Second, Rodney Stark (1999), a Bruce opponent, asserts that religion is not in decline quite simply because it was never that popular anyway. In contrast to the image we have of a highly religious past (which is central to Bruce's argument), Stark claims that in fact we are more religious now than ever before.
Finally, I will look at the 'believing without belonging' thesis developed over the last decade by Grace Davie, who argues that many of us may not belong to a religion but may still cling to religious beliefs. We are 'believers' but not 'belongers'.
‘Christianity in Britain’
For Steve Bruce (2001), the prospects for religion in the modern world are not good at all. As he sees it, Christianity has been in a state of decline in the UK for at least the last 150 years and definitely over the course of the last century. During the twentieth century, church attendances dropped from almost 30% of the population to 10%. In the same period, the number of children attending Sunday schools fell from 55% of the population to just 4%. The number of full-time clergy dropped by 25% over the period: only 57 men were training for the priesthood in the UK in 1999 (a drop of 30% from 1979). Not only are those who attend religious services predominantly in older age groups but, perhaps more importantly, there is little statistical evidence for any significant religiosity amongst the young who could one day replace them.

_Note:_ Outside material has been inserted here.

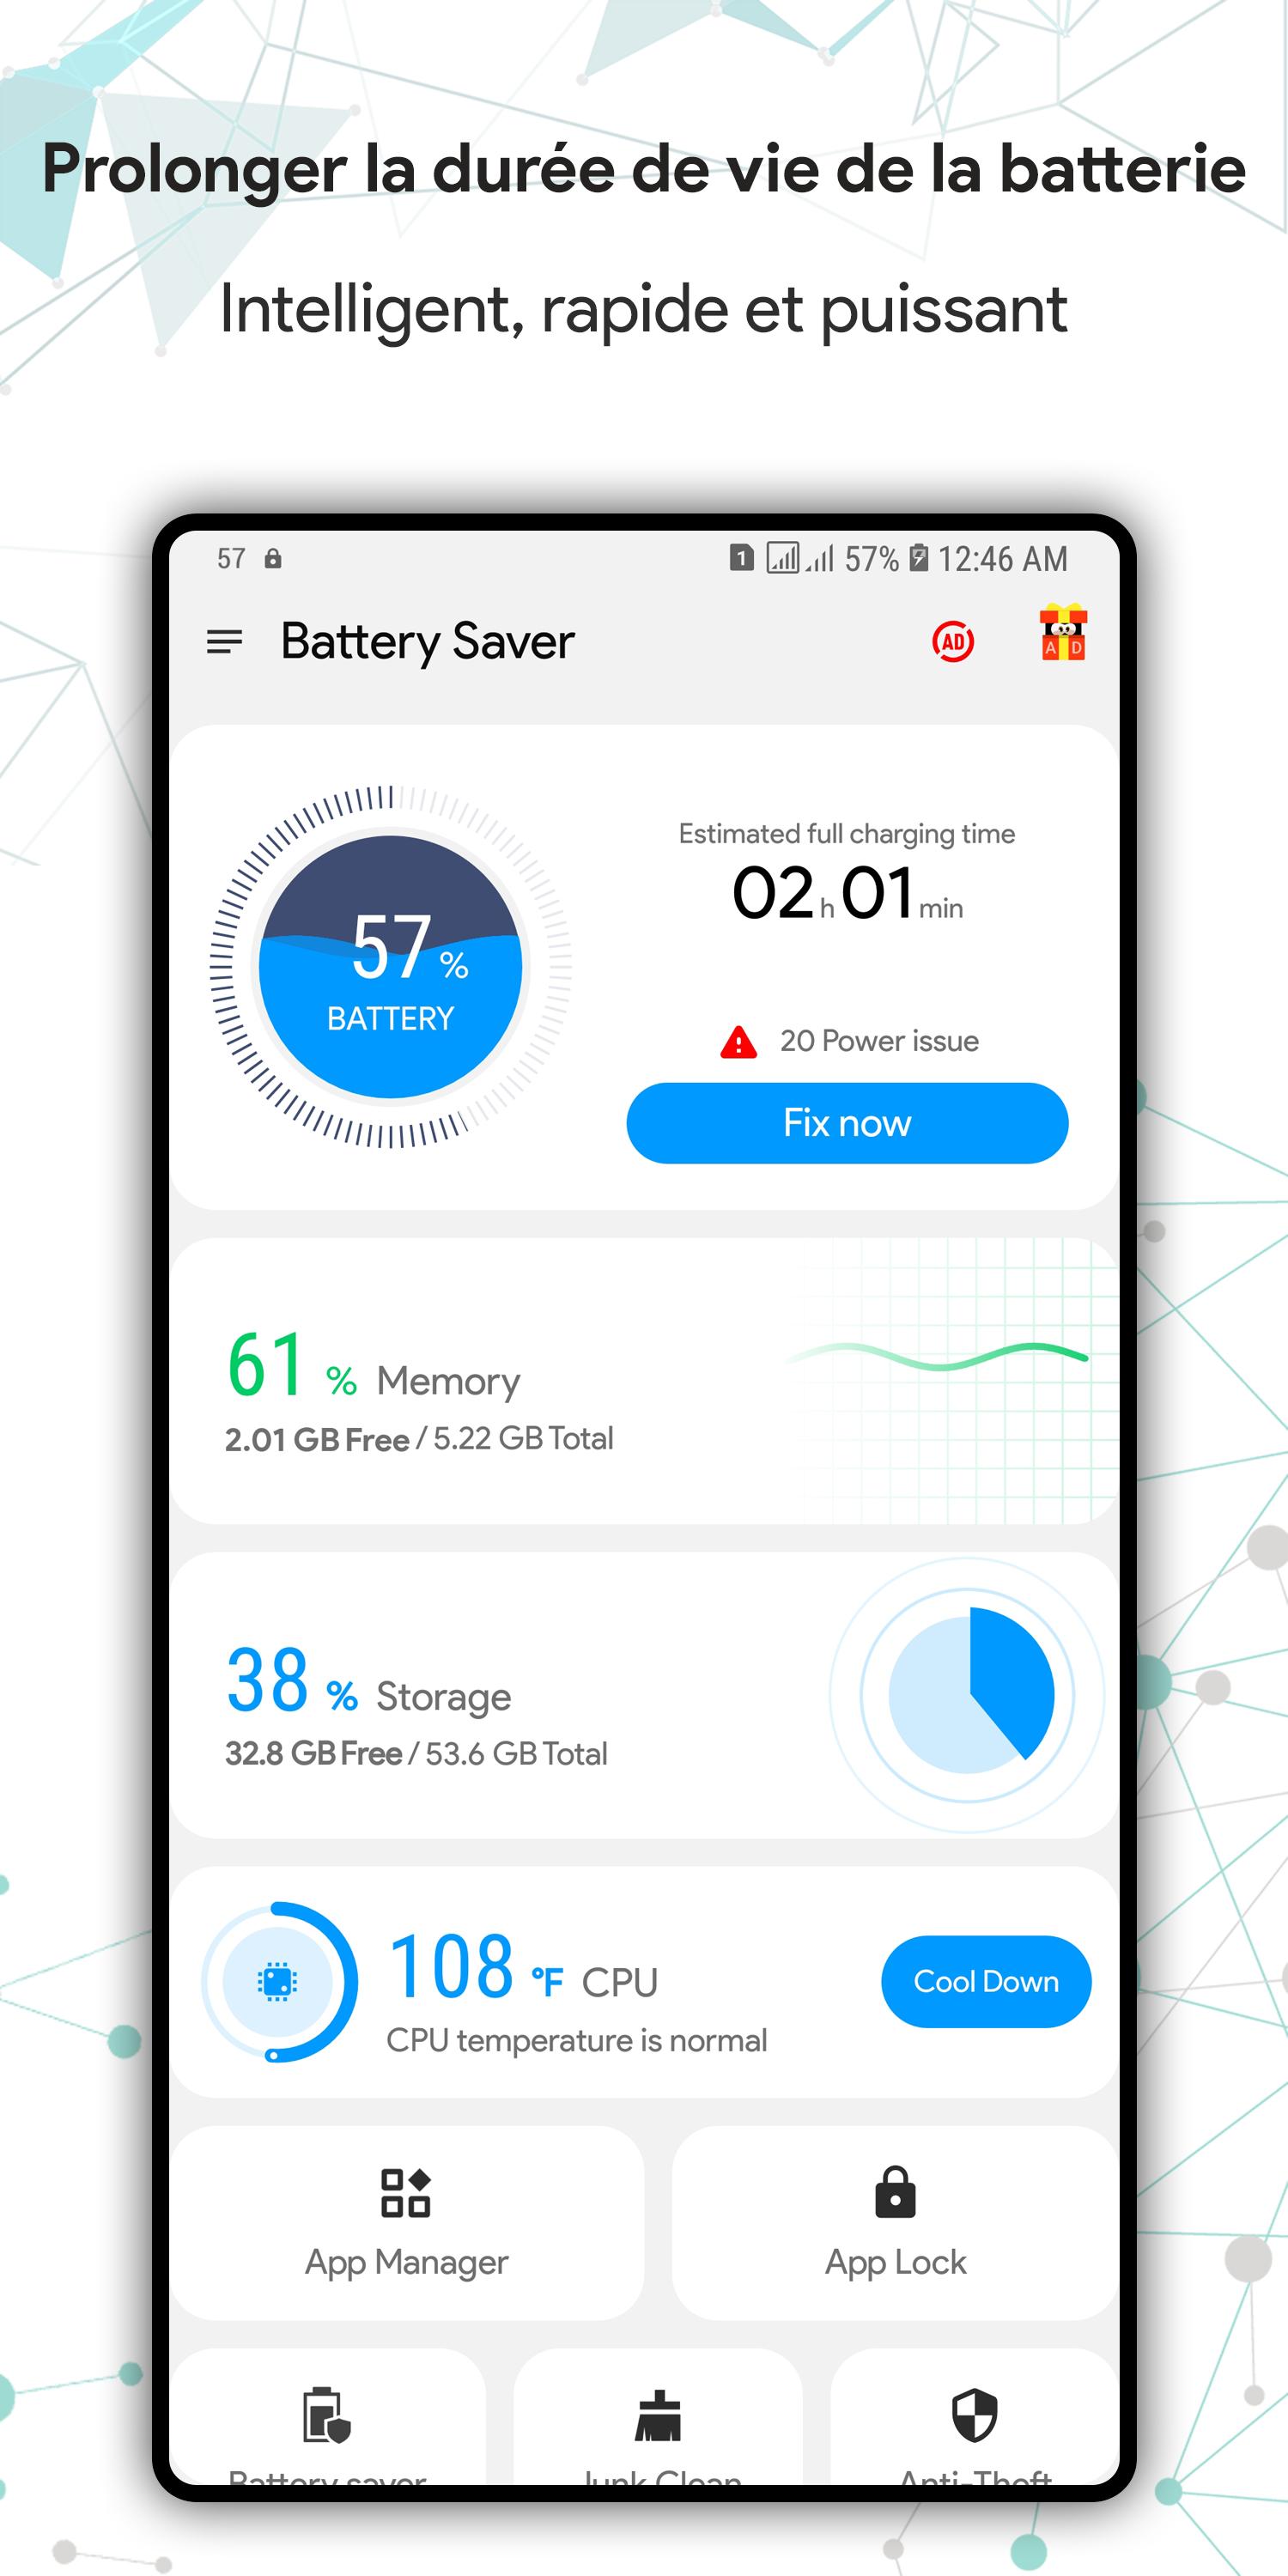 Battery Saver, Nettoyage Cache APK pour Android Télécharger

All this, Bruce claims, is a far cry from the fortunes of Christianity in former times. In the Middle Ages the church was the dominant social institution in Europe, having enormous social power. Popes could mobilise armies in several countries for the various Crusades and call monarchs to order. Monarchs, themselves, justified their status through reference to a 'great chain of being' that stretched down from God, through the Pope, through the monarch to the lowliest serf. Churches and cathedrals were built on a vast scale; monasteries became the only centres of learning; and Latin — the language of the Church — became the language of cosmopolitan intellectuals. The church touched the lives of everyone through its administration of rituals at the key stages of the life course: births, marriages and deaths.
Religion and social change
Bruce argues that the decline of Christianity in the modern world isn't a result of people becoming more rational and less superstitious. There is still far too much irrationality and superstition around for that to be the case. Rather, several features of the process of modernisation that began in the sixteenth century combined to undermine the place of religion in society.
■ The fragmentation of social life
The family used to be the primary source of education and socialisation, but now most children are educated in schools, colleges and universities by professional educators. Similarly, religious institutions have been pushed out of many spheres of social life, such as the economy, social welfare, social control and health care. Linked to these changes, the growth of a capitalist economy has seriously undermined a social system based on rank, in favour of one based on egalitarianism and acquired status.
The disappearance of community
Modernisation is characterised by the shift of social organisation from the local to the national level. Community, in other words, is replaced by society, and Durkheim's 'collective conscience' is lost. Religion loses its 'taken-for-granted' nature and becomes a focus of choice rather than social obligation.